::: PROVIDED ENTRIES :::
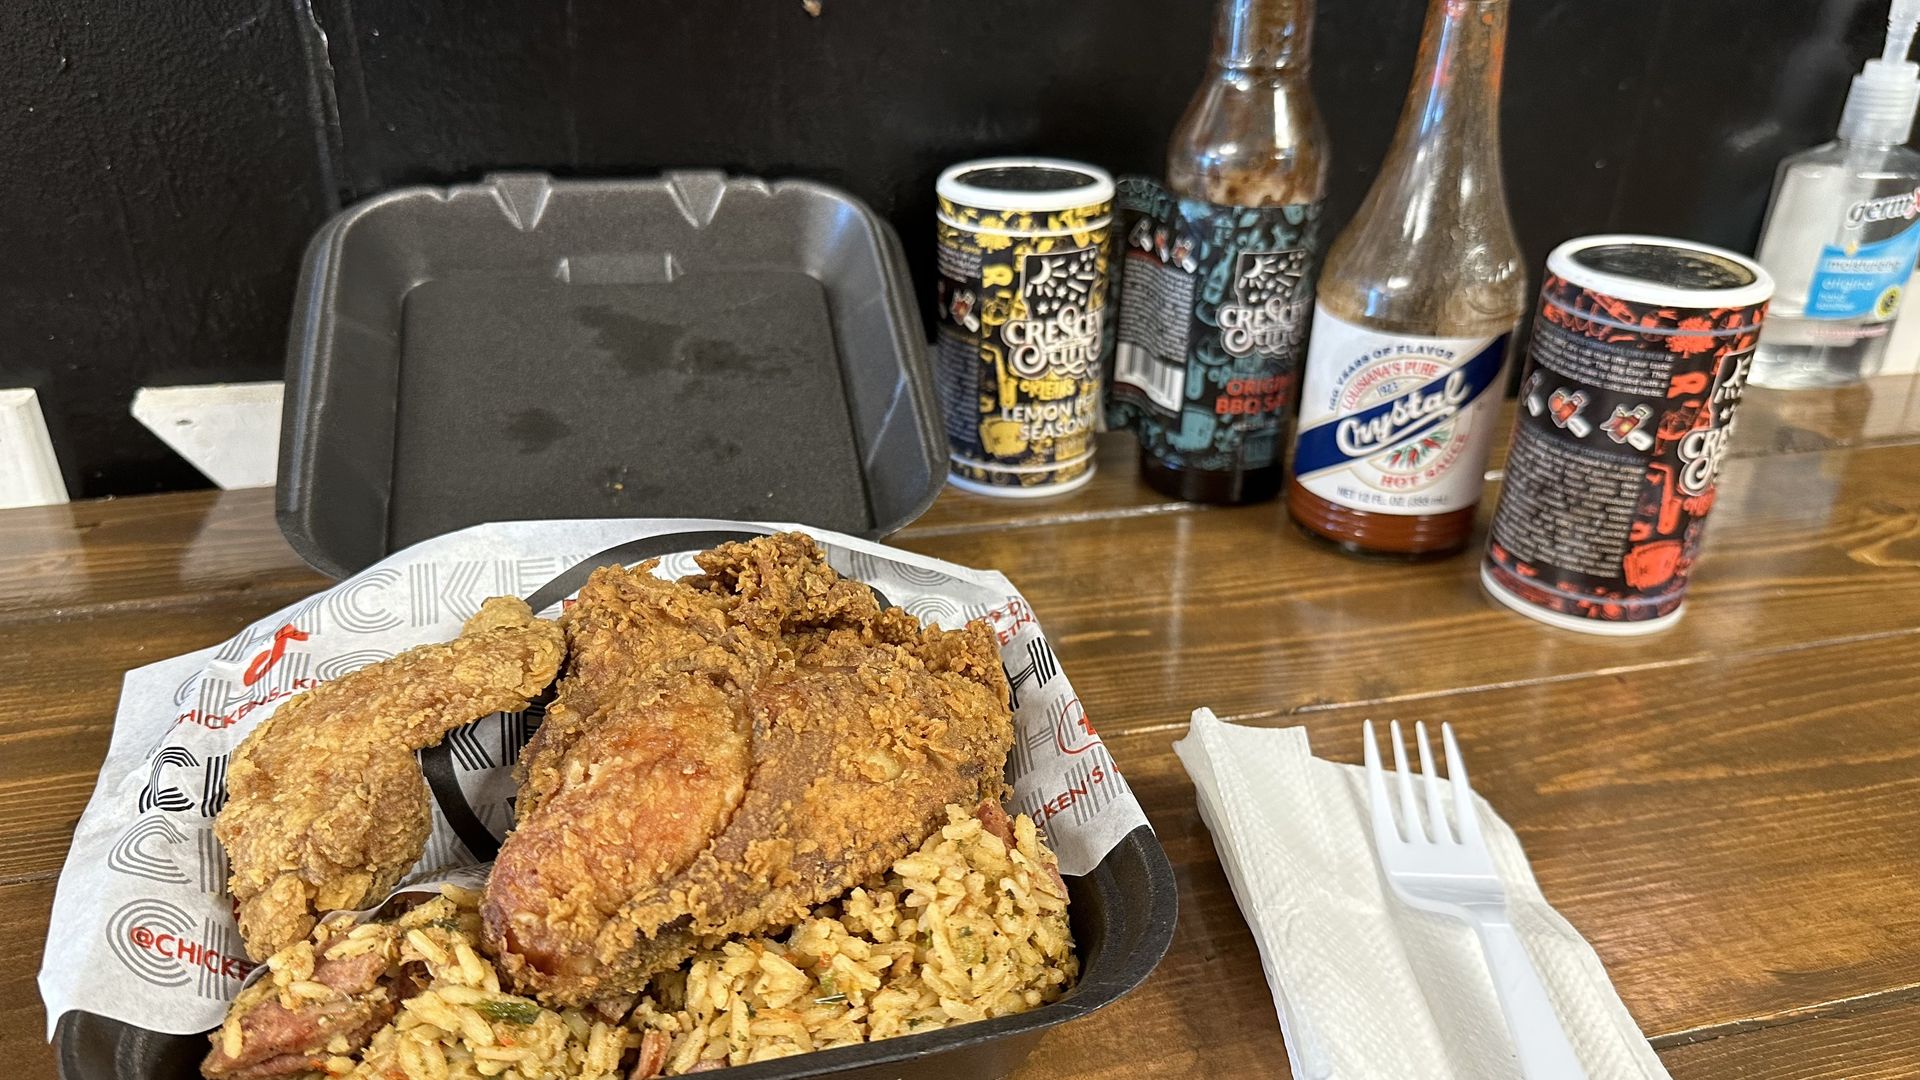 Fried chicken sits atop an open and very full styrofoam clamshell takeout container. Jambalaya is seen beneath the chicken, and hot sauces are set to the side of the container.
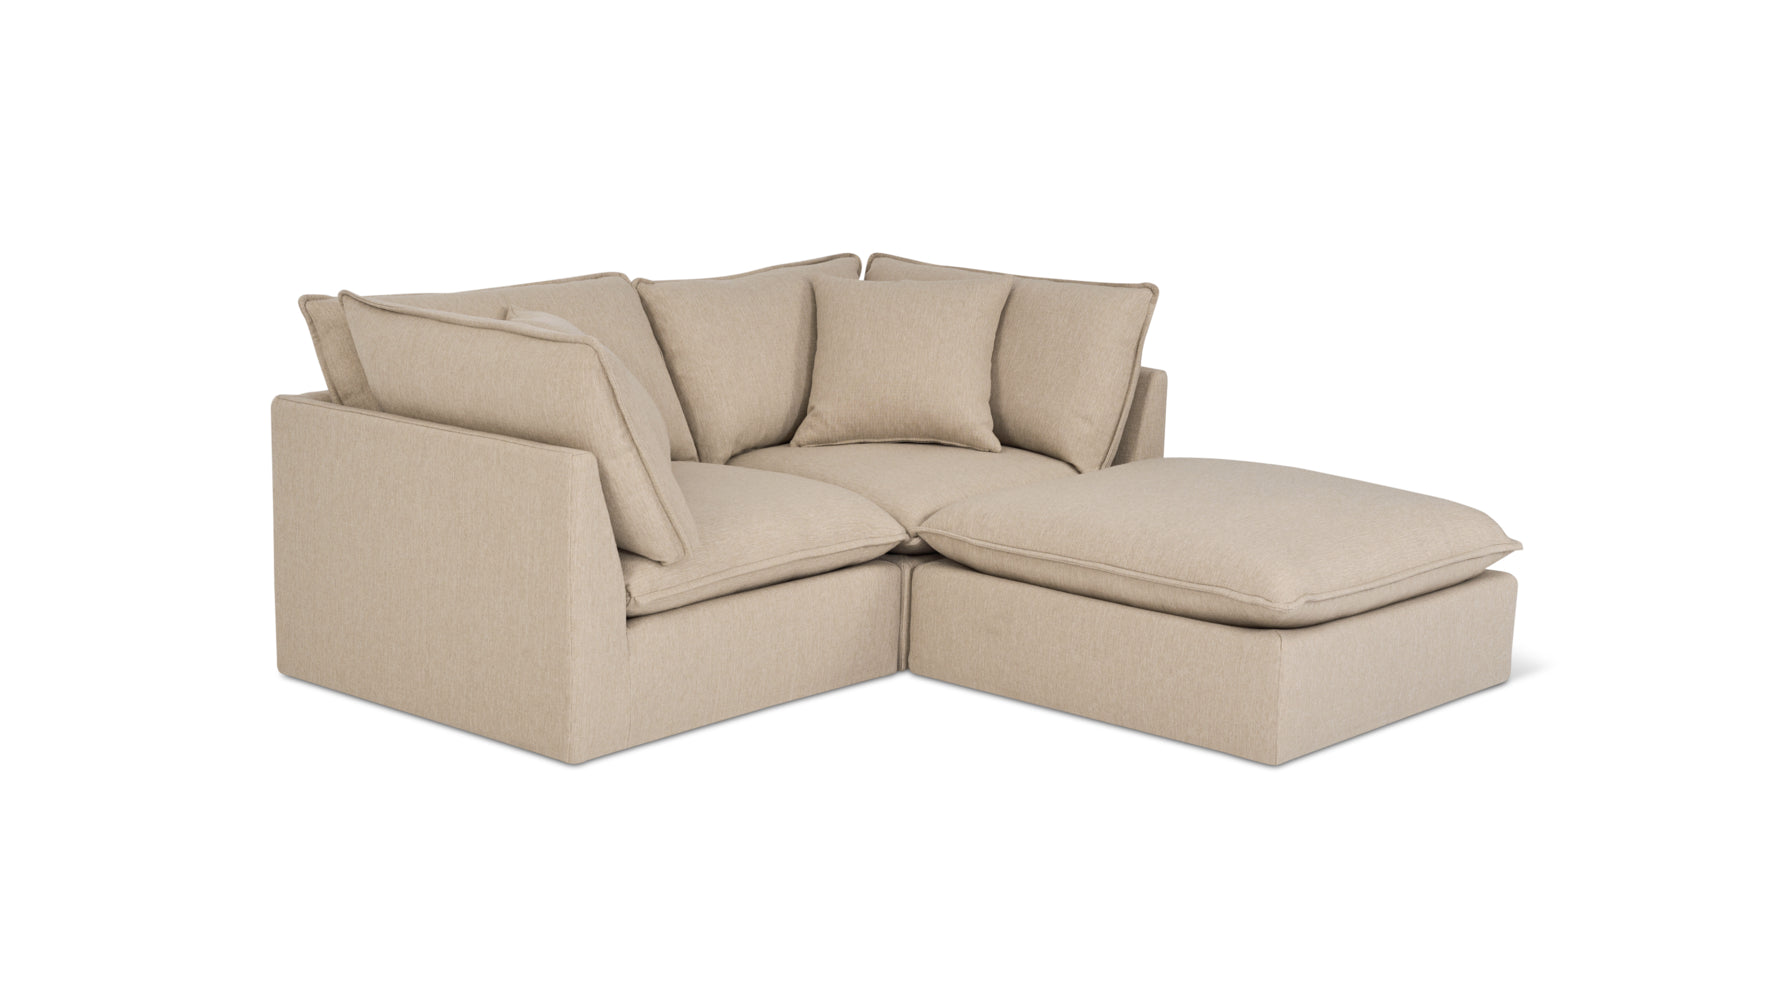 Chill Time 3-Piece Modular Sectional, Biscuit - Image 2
:::
::: PROVIDED ENTRIES :::
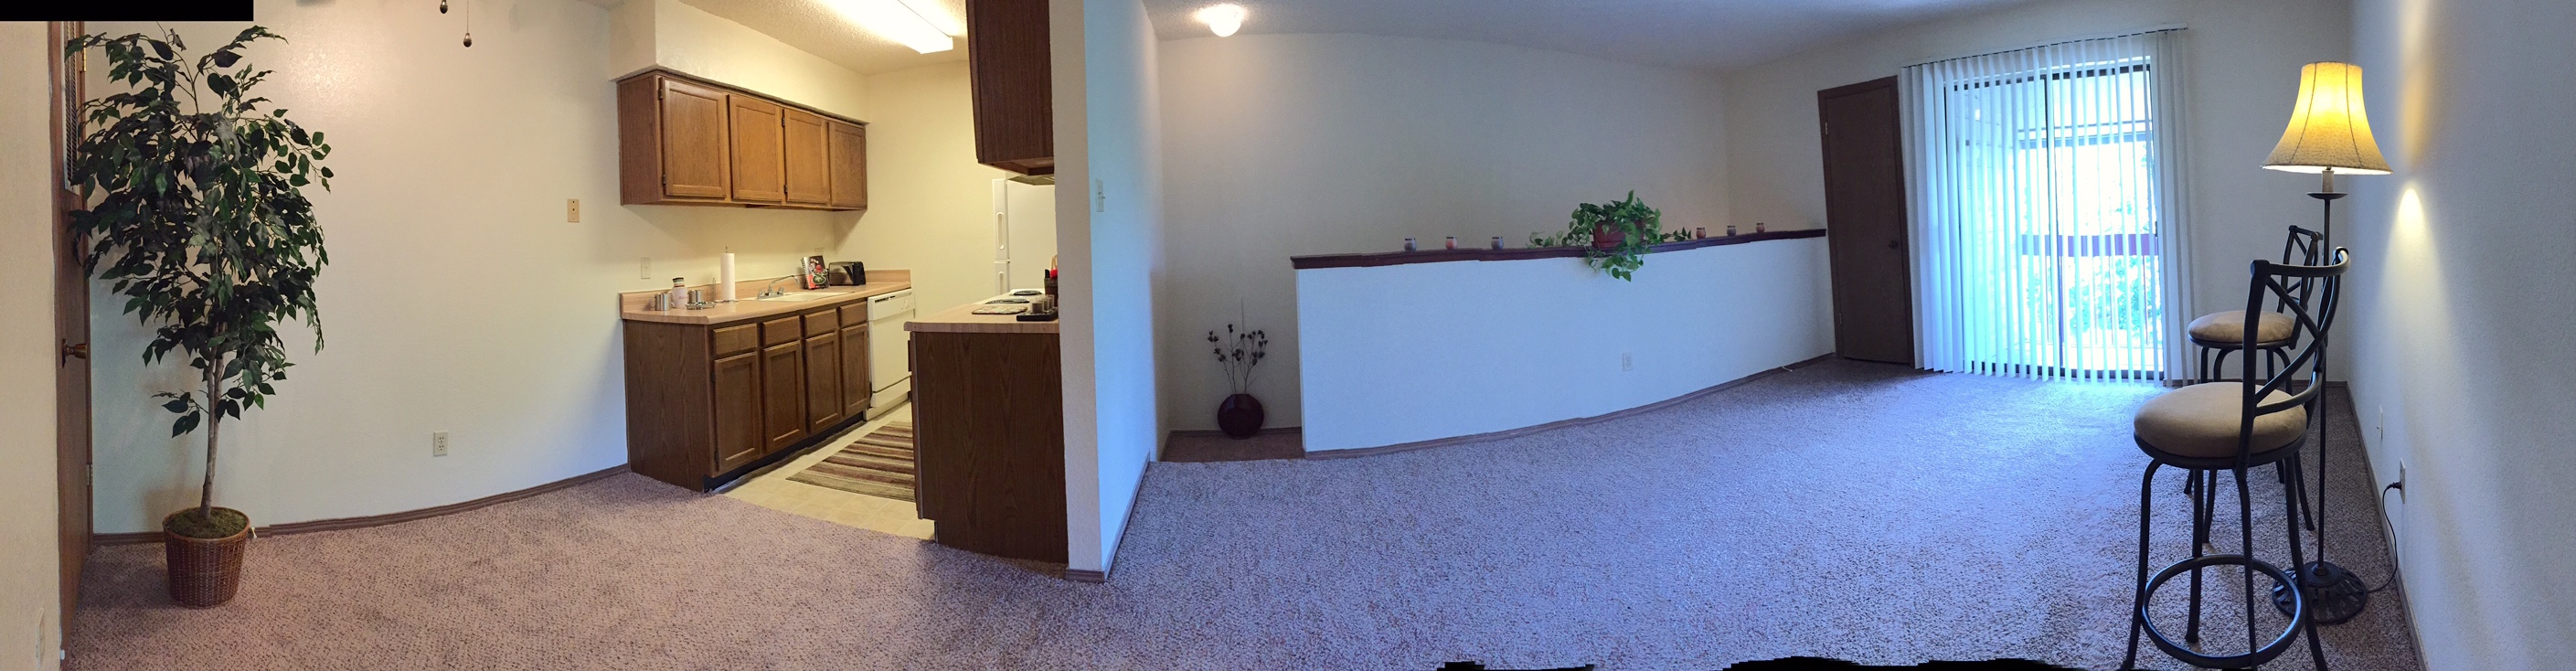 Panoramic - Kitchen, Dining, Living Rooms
:::
::: PROVIDED ENTRIES :::
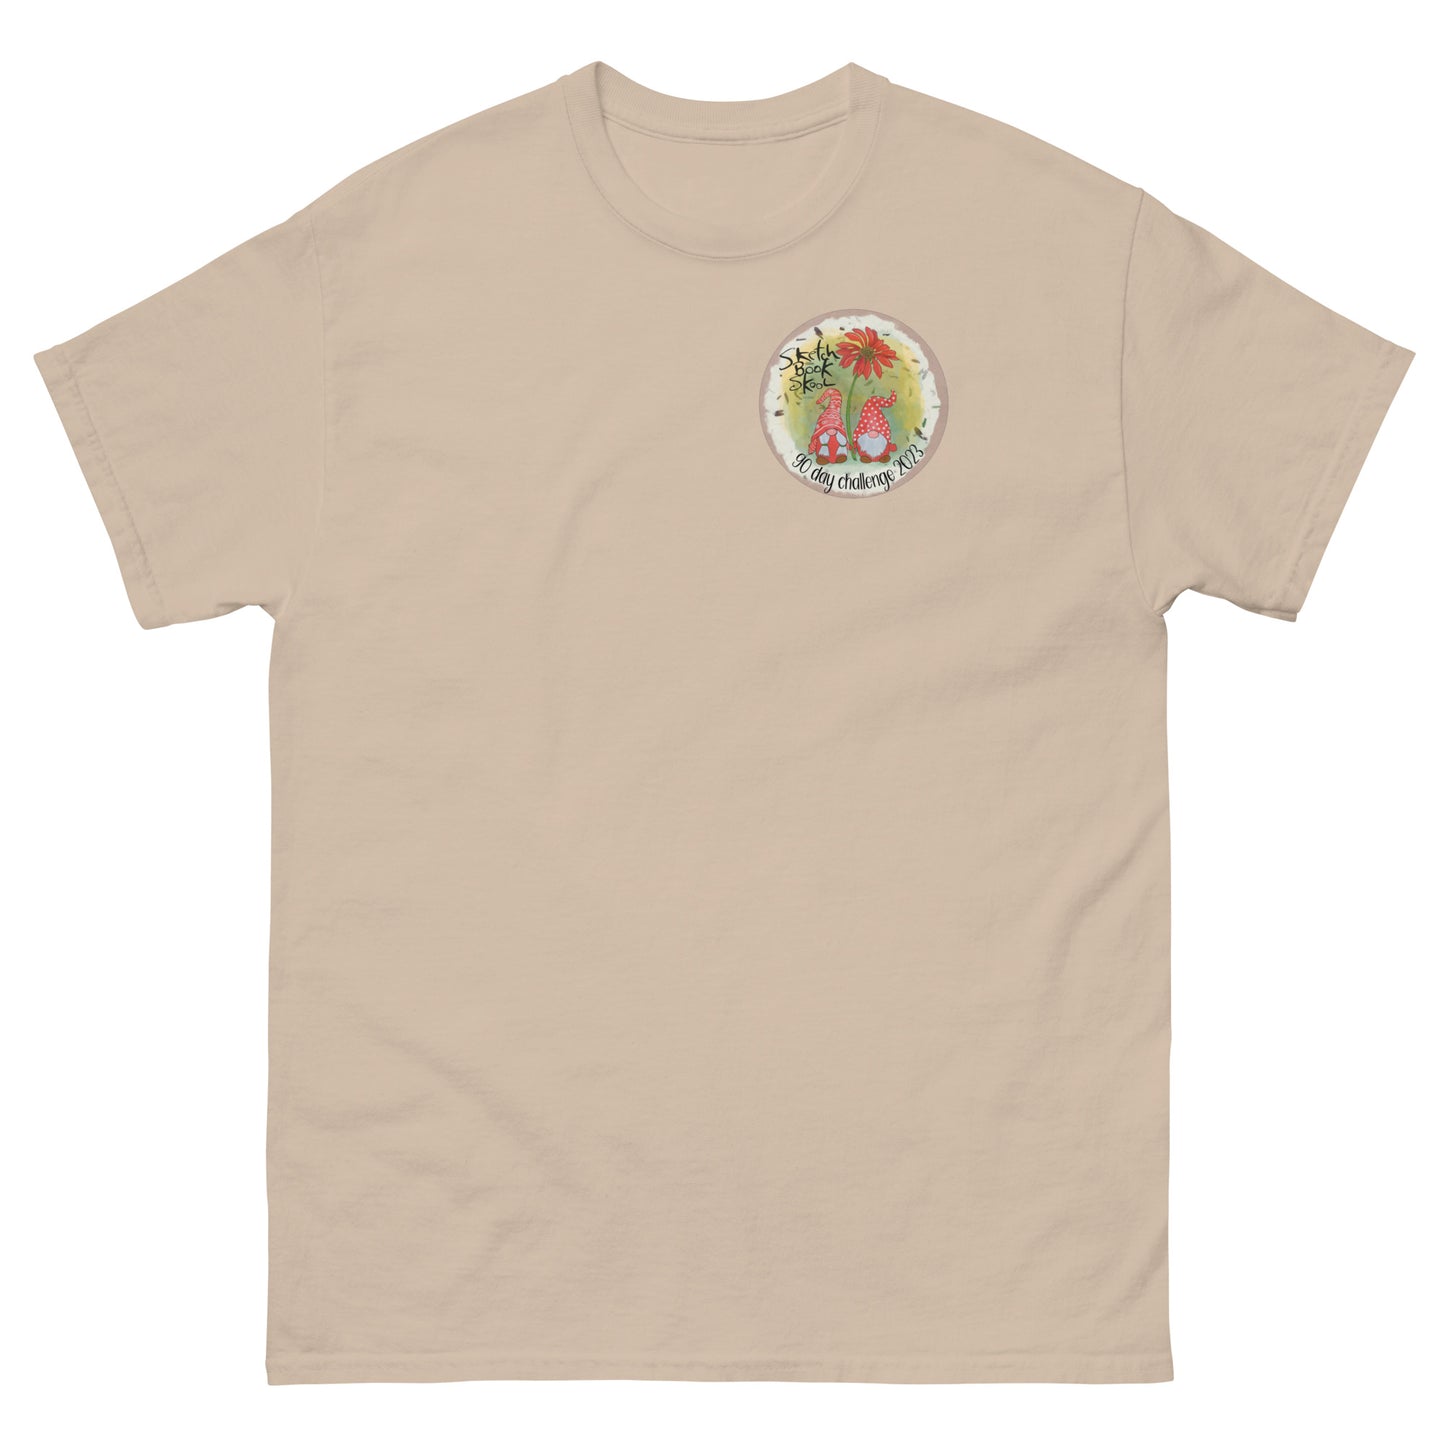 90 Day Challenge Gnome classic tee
:::
◆ PROMPT ◆
Taking the records above, print only and exactly the lines from the line with "Fried chicken sits" to the line with "Chill Time 3-Piece", both kept, and exclude pictures.

◆ SOLUTION FOR THIS TASK ◆
 Fried chicken sits atop an open and very full styrofoam clamshell takeout container. Jambalaya is seen beneath the chicken, and hot sauces are set to the side of the container.
 Chill Time 3-Piece Modular Sectional, Biscuit - Image 2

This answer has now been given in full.